- **Information supplied**:

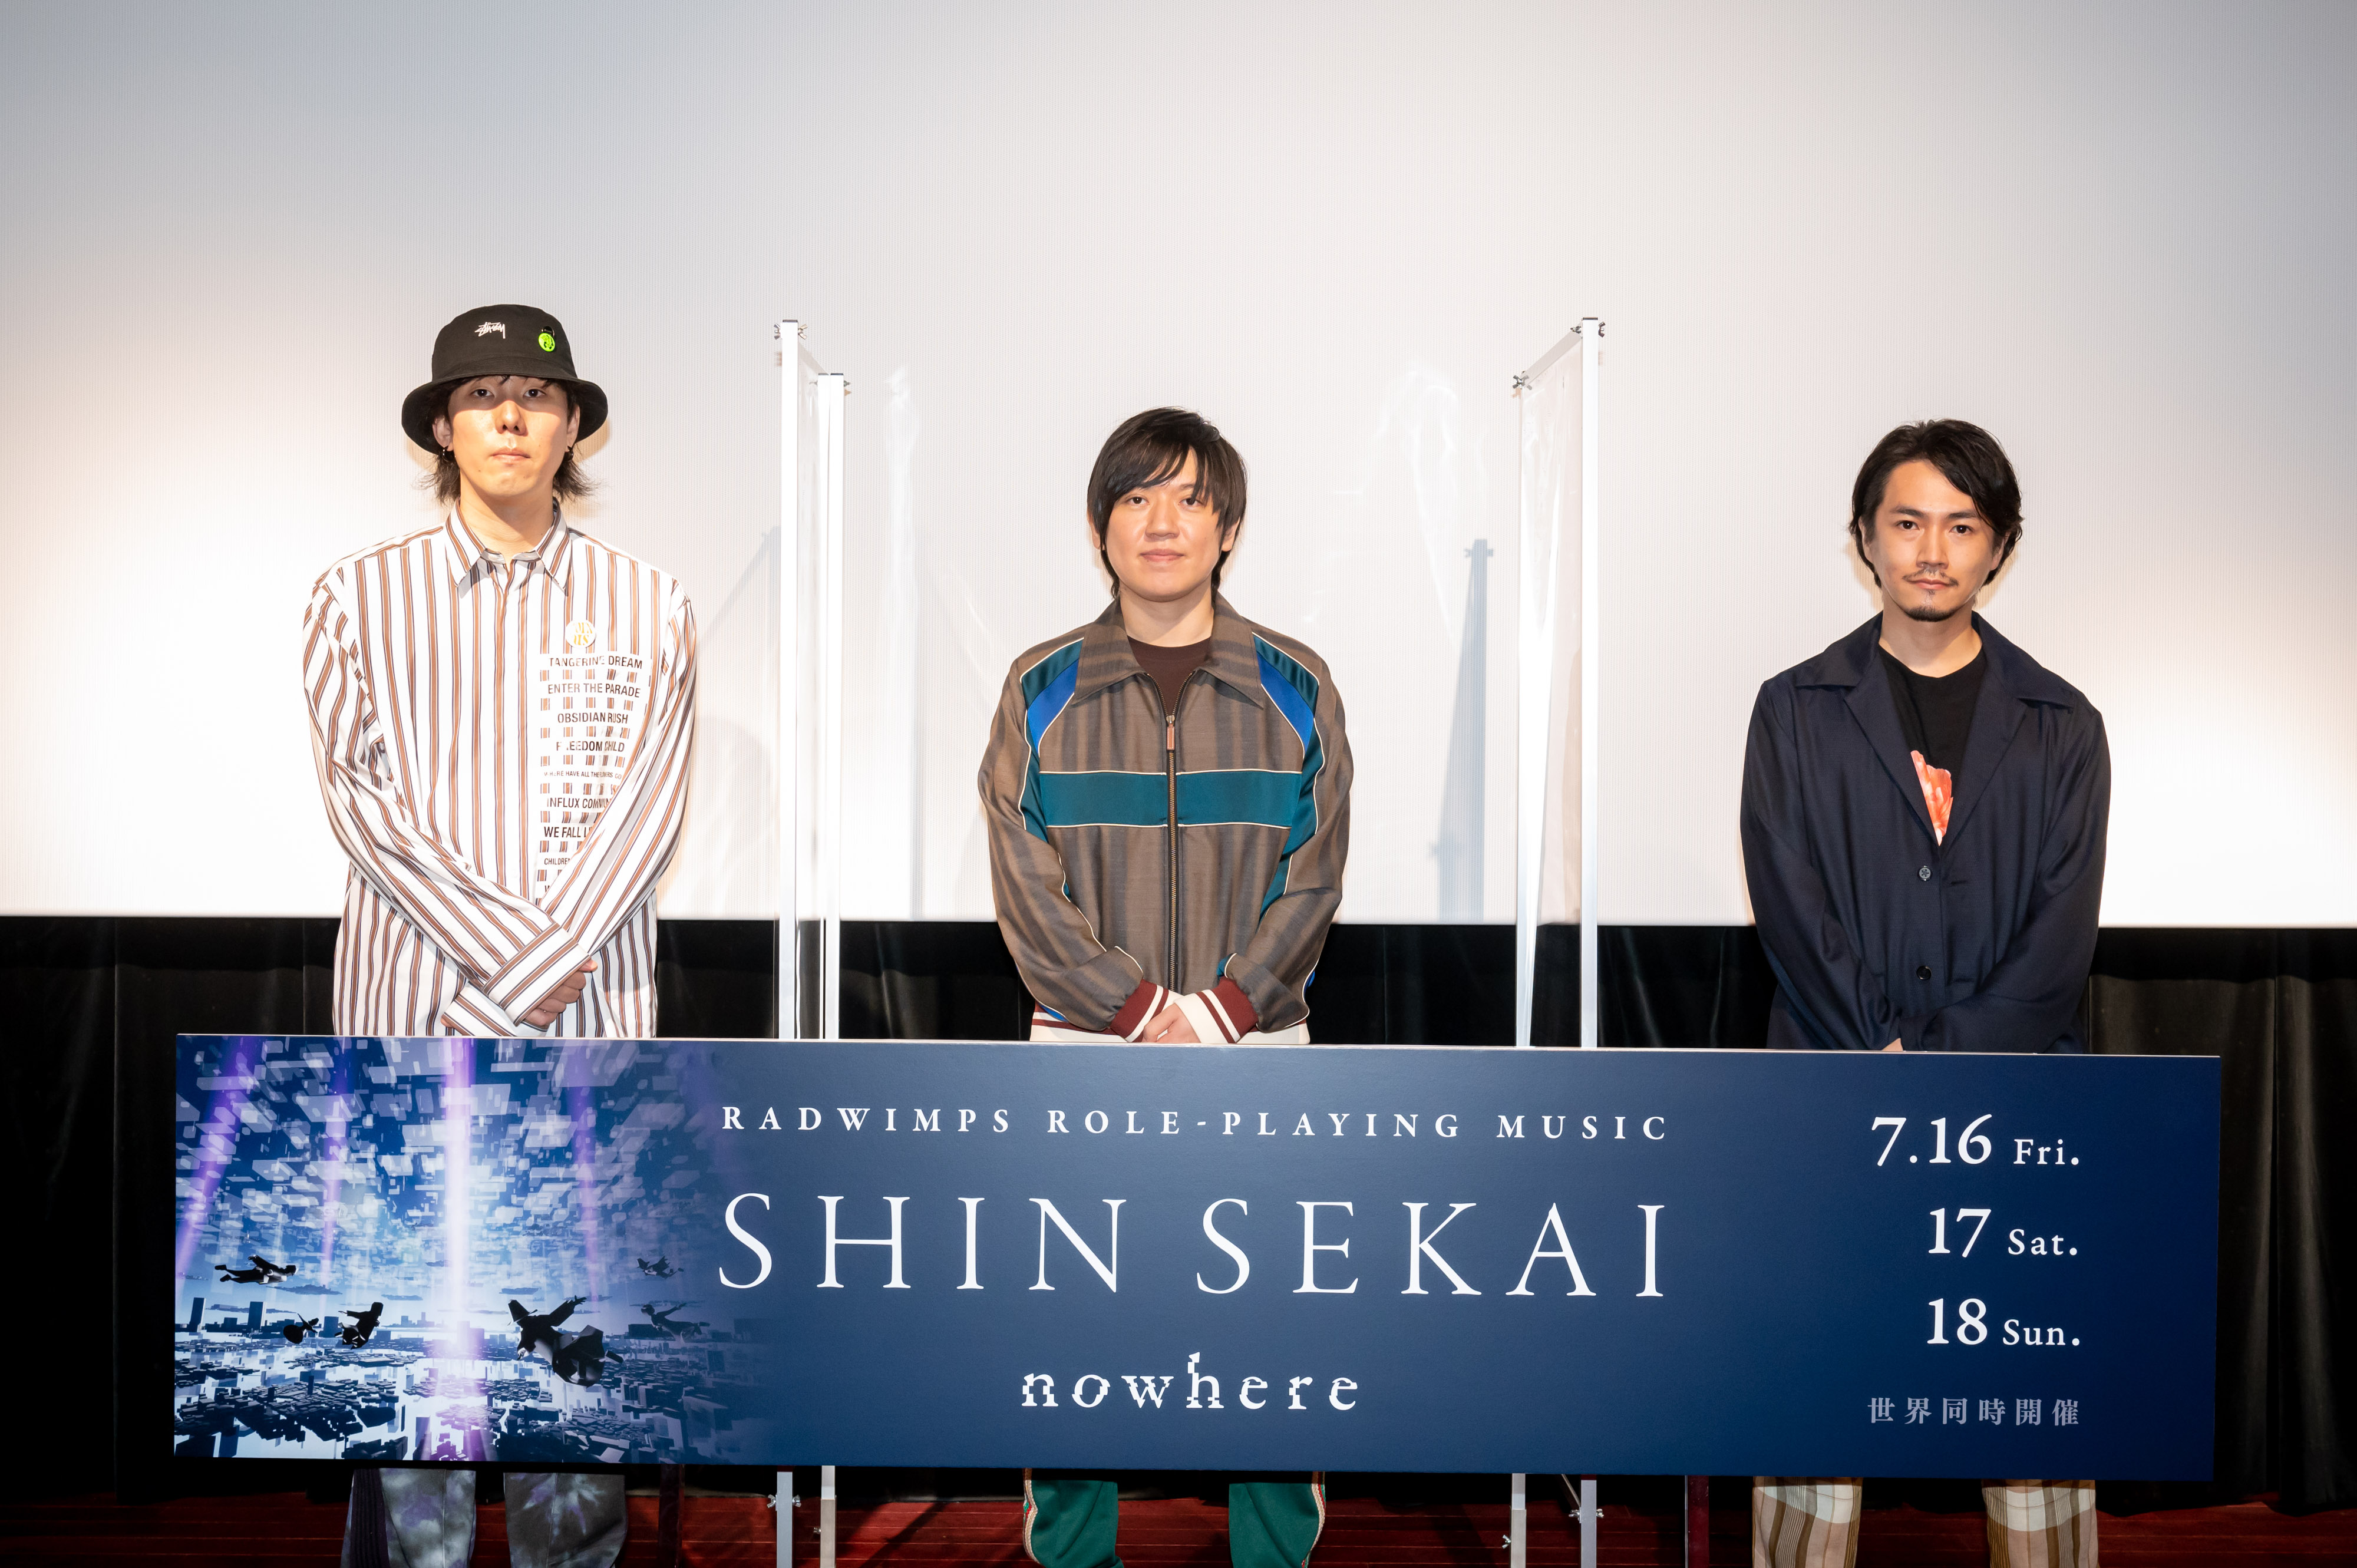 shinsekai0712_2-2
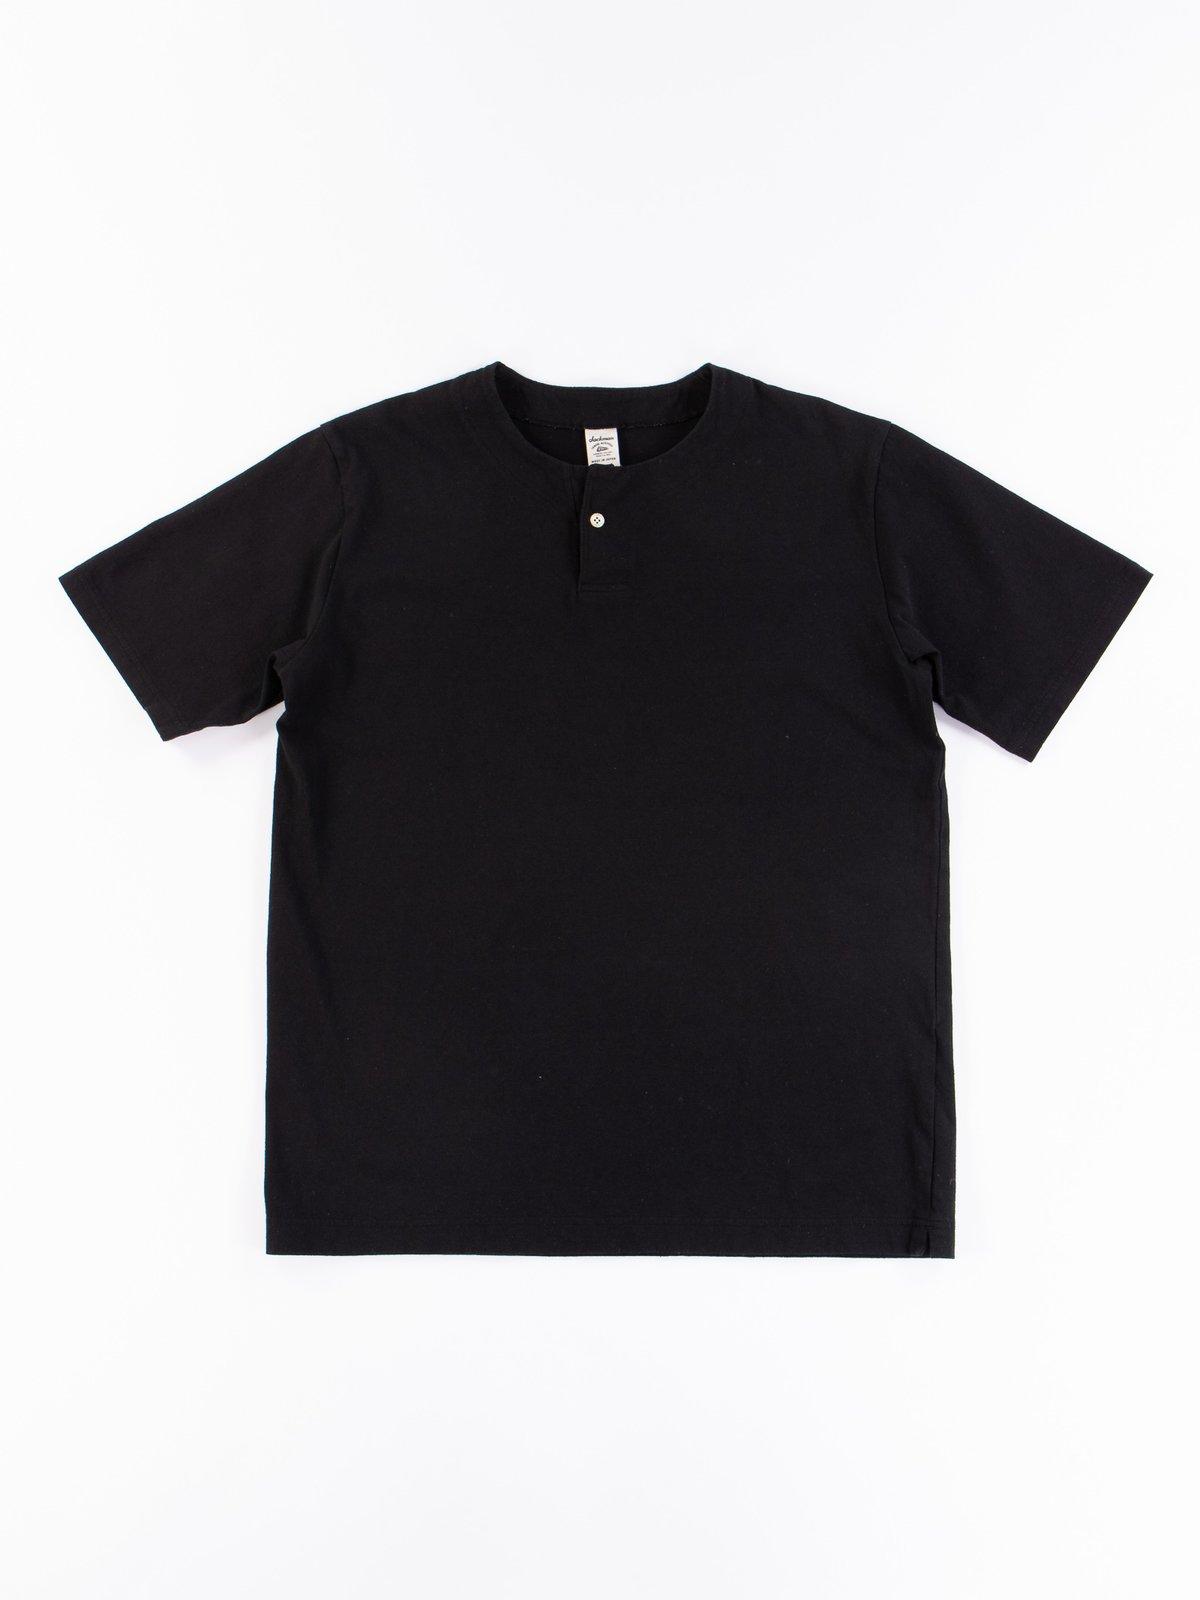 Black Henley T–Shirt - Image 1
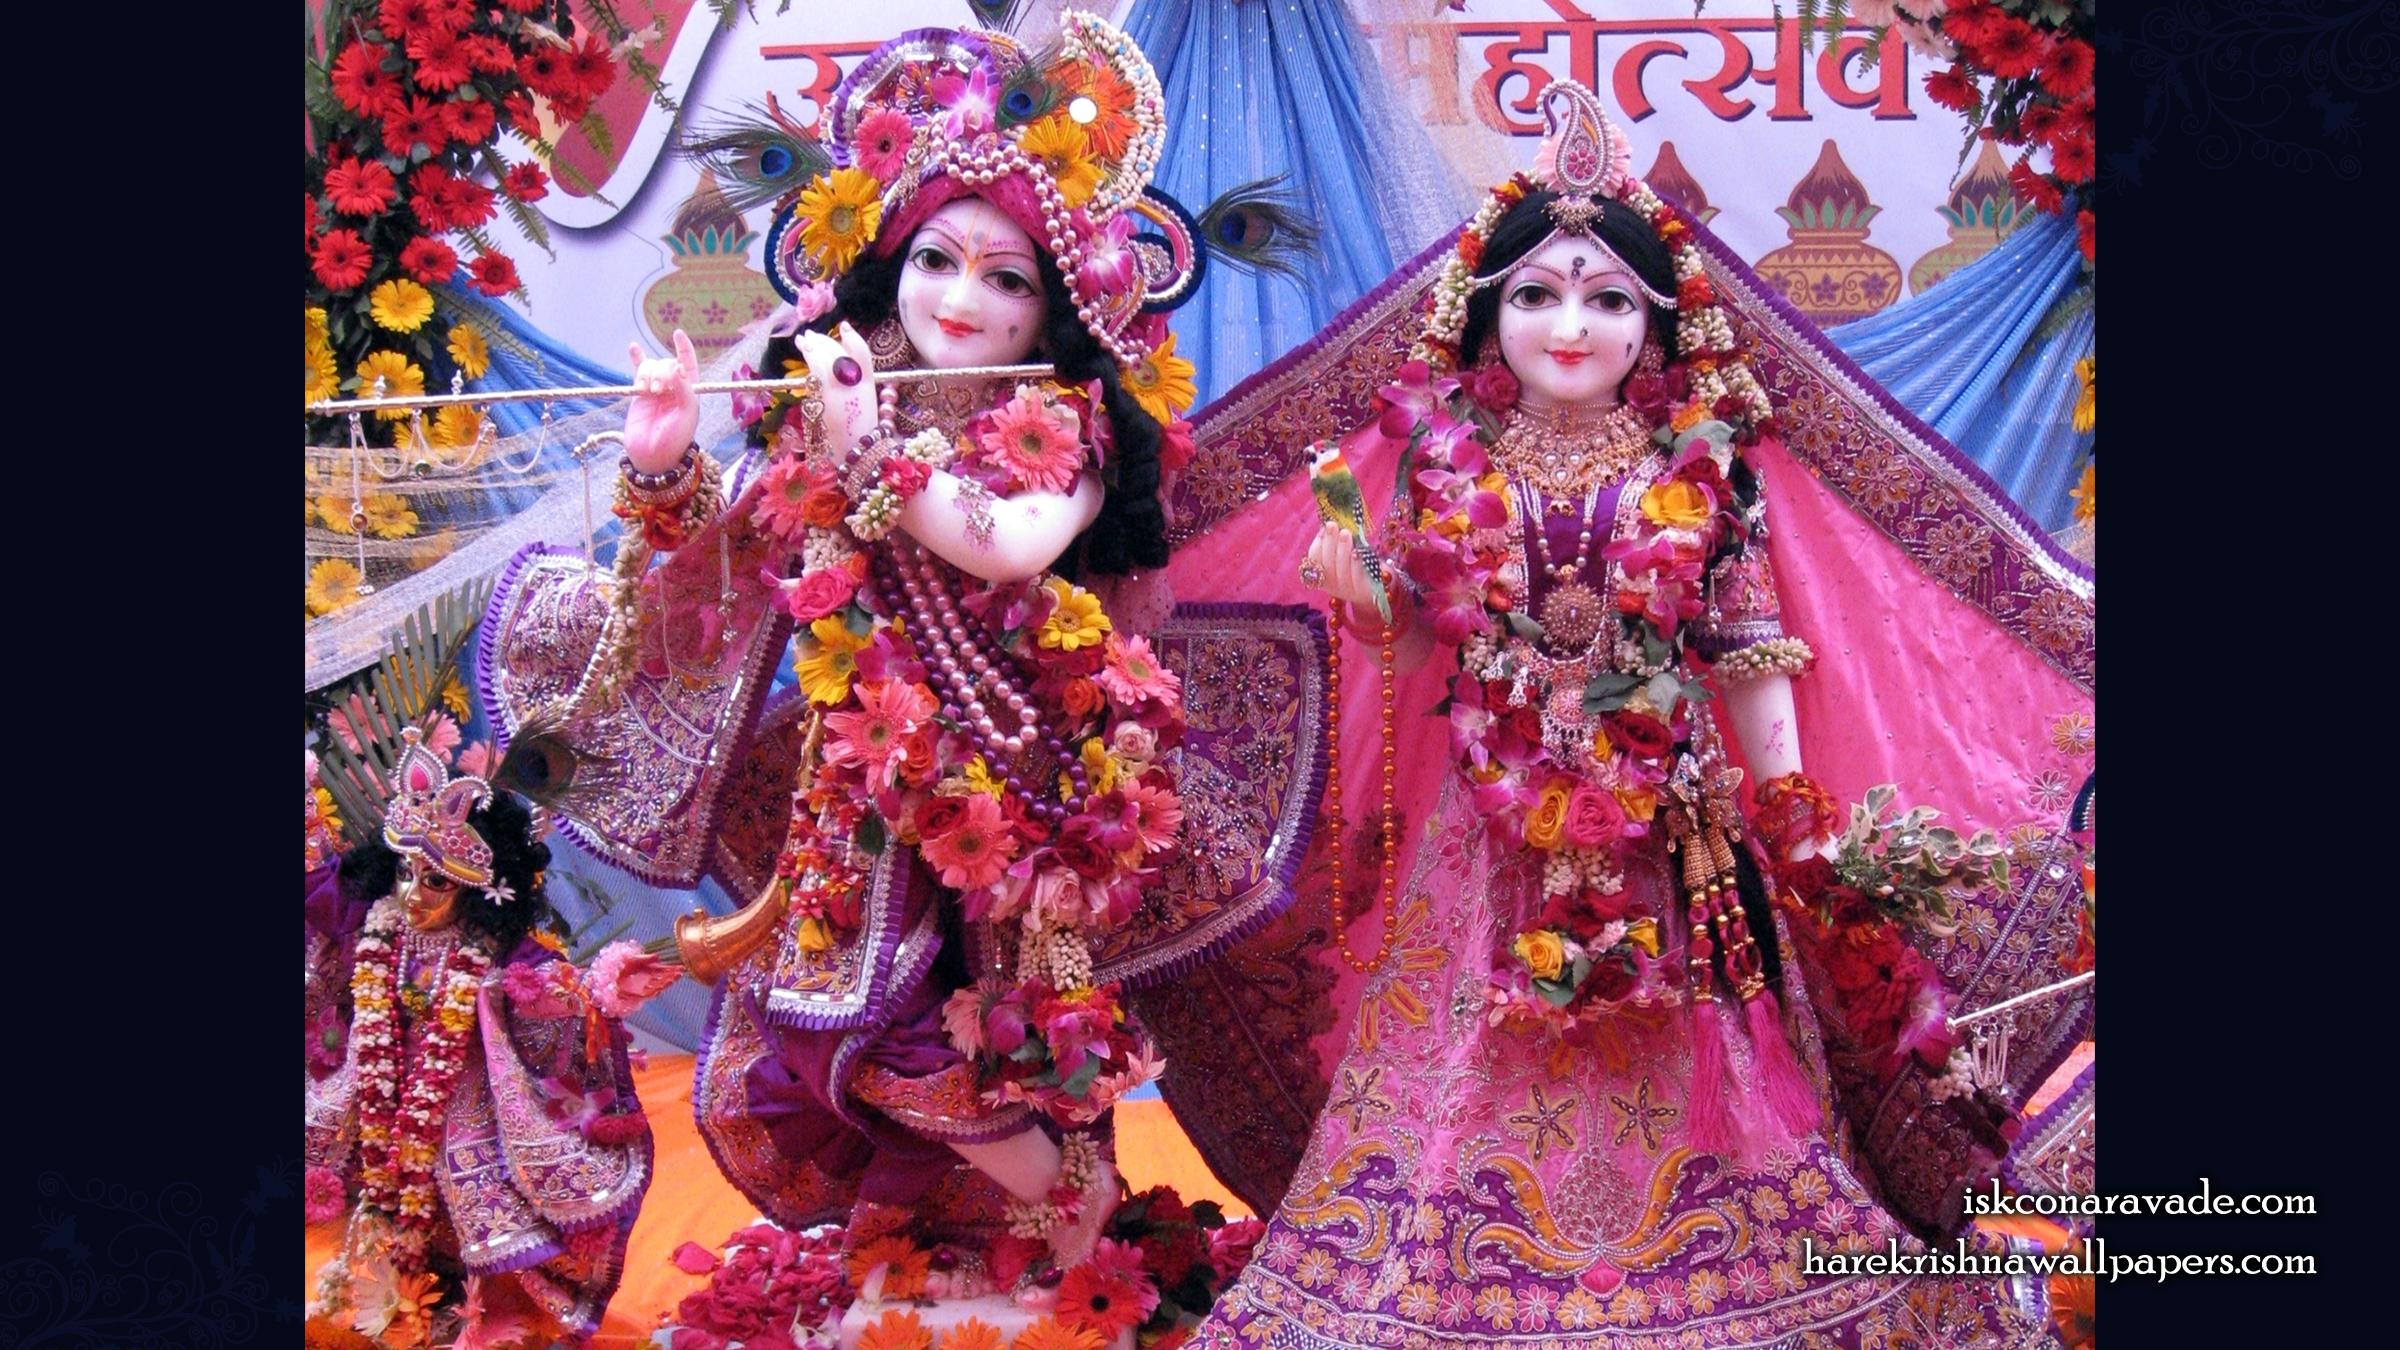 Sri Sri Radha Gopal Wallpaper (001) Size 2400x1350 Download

- **Work instructions**: Only the lines from the line with "Black Henley T–Shirt - Image 1" through the closing line of the data, both included, should be set down, exactly as written and without pictures.

- **Response area**:
 Black Henley T–Shirt - Image 1
 Sri Sri Radha Gopal Wallpaper (001) Size 2400x1350 Download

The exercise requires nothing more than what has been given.